As you can see what is happening here is that each unique word will be represented by one single digit, which will therefor compress the byte-count down.
Obviously the first problem is that we run out of single digit number really fast, so to increase efficiency I opted to also use the letters of the alphabet, which now gives us 36 substitutions, right out of the box.
Have a look at a second example, any values here are still completely arbitrary:

this was a sentence after another sentence that came previously
Compressed form: 0,6,2,3,7,8,3,9,a,b

Here we start adding letters of the alphabet, once we run out of single digits we can use. For clarity I did build upon the previous example, using the same word to digit encoding as used there.
I hope it is now clearly visible how much this technique can compress a sentence down, just looking at the length of the original text, and the length of the encoded string we end up with.
In the case of the word sentence, we are going from an 8 byte string to a 1 byte.

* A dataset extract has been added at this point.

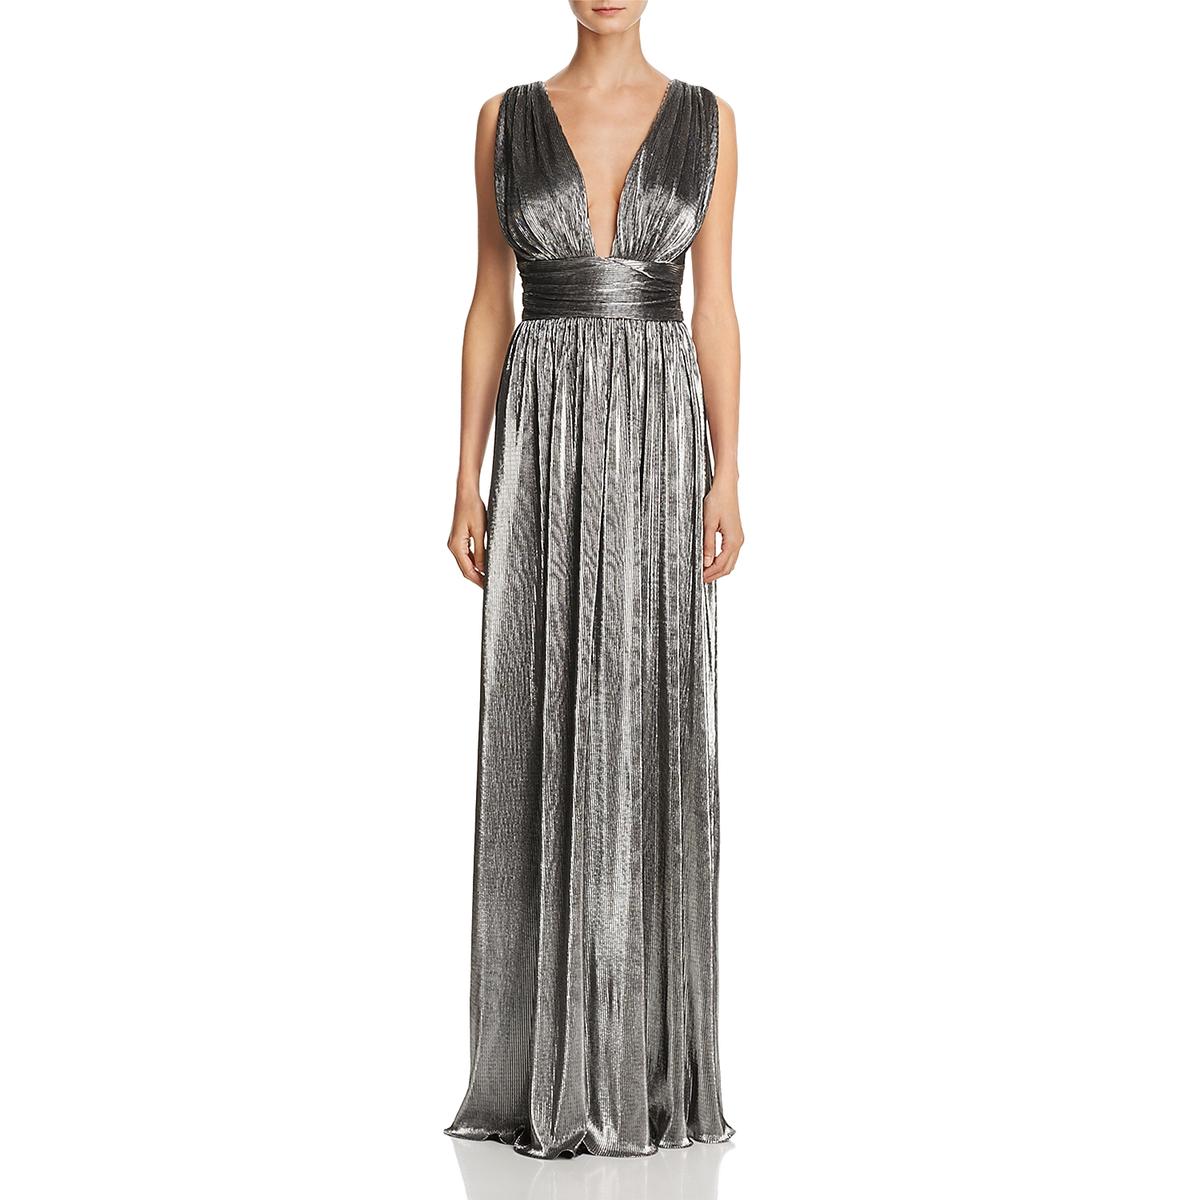 Laundry by Shelli Segal Womens Silver Metallic Evening Dress Gown 2 ...

Now we need to expand on the encoding algorithm, because there are far more words in the English language (ignoring the fact for now that this is really applicable to any language) than 36.
What needs to happen is once we run out of usable characters in our lookup table, we expand the encoding with another byte.
In this case consider the initial lookup table which was an array of single digits and letters. I will give an example of its generation in Ruby below:

@lookup_table = 0.upto(9).to_a + 'a'.upto('z').to_a

Once we run out of usable substitutions we simply start doubling up the bytes, so after z comes 0a, then 0b, and so forth.
This already gives us 36^2 = 1296 positions to work with, and of course once those are full we just add another byte, thus getting 36^3 = 46,656.
We continue on with this until we run out of encodable words and our work is done, we now have a compression algorithm that makes words as small as they can be with the initial parameters of this solution.

Or do we?

See, as we learned from the video, and Zipf's Law, some words are used way more often than others, and we have no way of telling in what order they will come into our word list table.
Our compression is not uniform, some words will be compressed to 1 byte, and some will be compressed with N-bytes.
It would make a lot of sense if the most used words are compressed with the lowest byte amount possible, as we will be using them a lot more.

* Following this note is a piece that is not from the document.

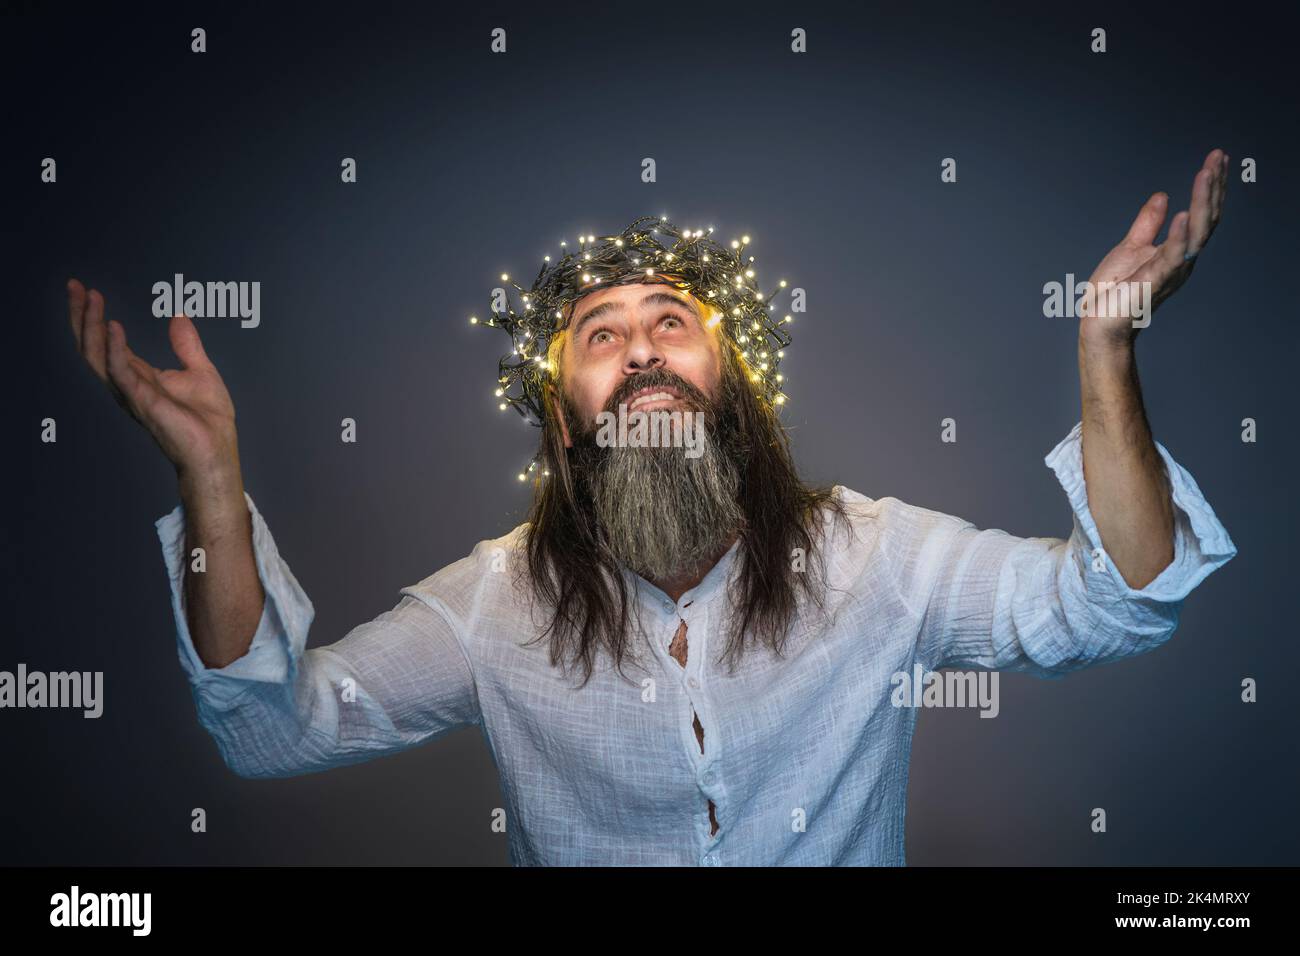 man with crown of led lights and raised arms with beard and long hair Stock Photo

This is where the update algorithm comes in, which iterates over the entire word list, and reorders it by the frequency field.
It will then re-compress all the words, based on this new order, and finally go through the Blocks table (that stores the raw and compressed text fields) to also update the compressed representation, based on this new encoding.
This is obviously a bit expensive to do, since it will have to update a lot of data, and meanwhile there can be no new data coming in, so the entire system is basically offline during this process, but it is currently a small price to pay for gaining a much stronger, and adaptive compression.
There are some small gains made by only updating the values that are actually changed, and specifically the rows in the table that contain these values.

Another great inherited benefit is that even the expense of restructuring the encoding is a finite expense, in as much that the more data is collected, and the more often the expensive restructuring is done, the less it will have to be done in the future.
Once the data organizes along Zipf's law, it is basically done, and we can reap the full benefits of this compression.

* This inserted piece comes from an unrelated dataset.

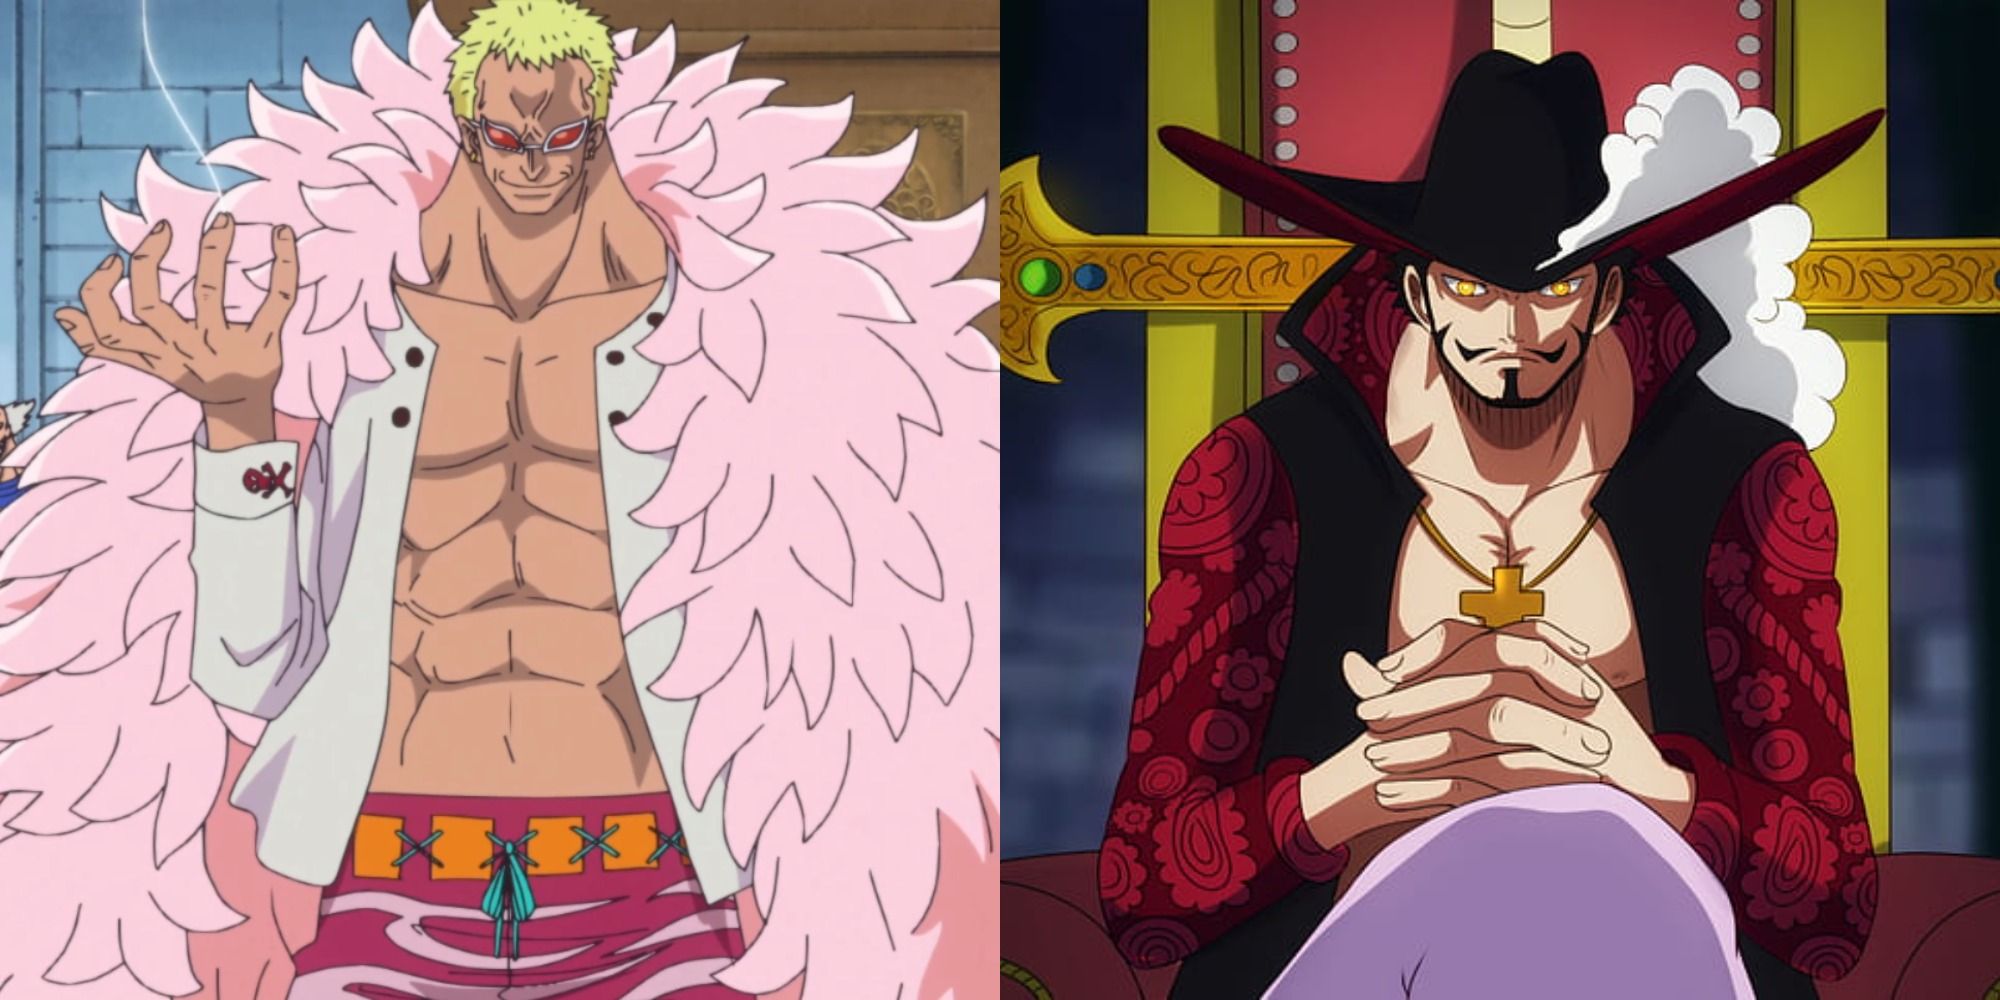 Ranking of the 7 Strongest Shichibukai in One Piece

So what improvements can we make from here?
First of all we can go to a different counting system. As we have the 36 single digits and letters right now, we can easily expand this by another 26 already, including capital letters.
We can start adding even more to our set by adding various non-word characters, but a really interesting prospect comes from someone I can only identify as ferno, who came up with base65536, which allow us to extend out character set with all letters out of every possible language.

This was a little introduction into this problem, and I am finalizing my implementation at the moment, so I will bring you another update when I am ready.
In the mean time, let me know your thoughts, I am very interested to hear what I am doing right, and what I am doing wrong here.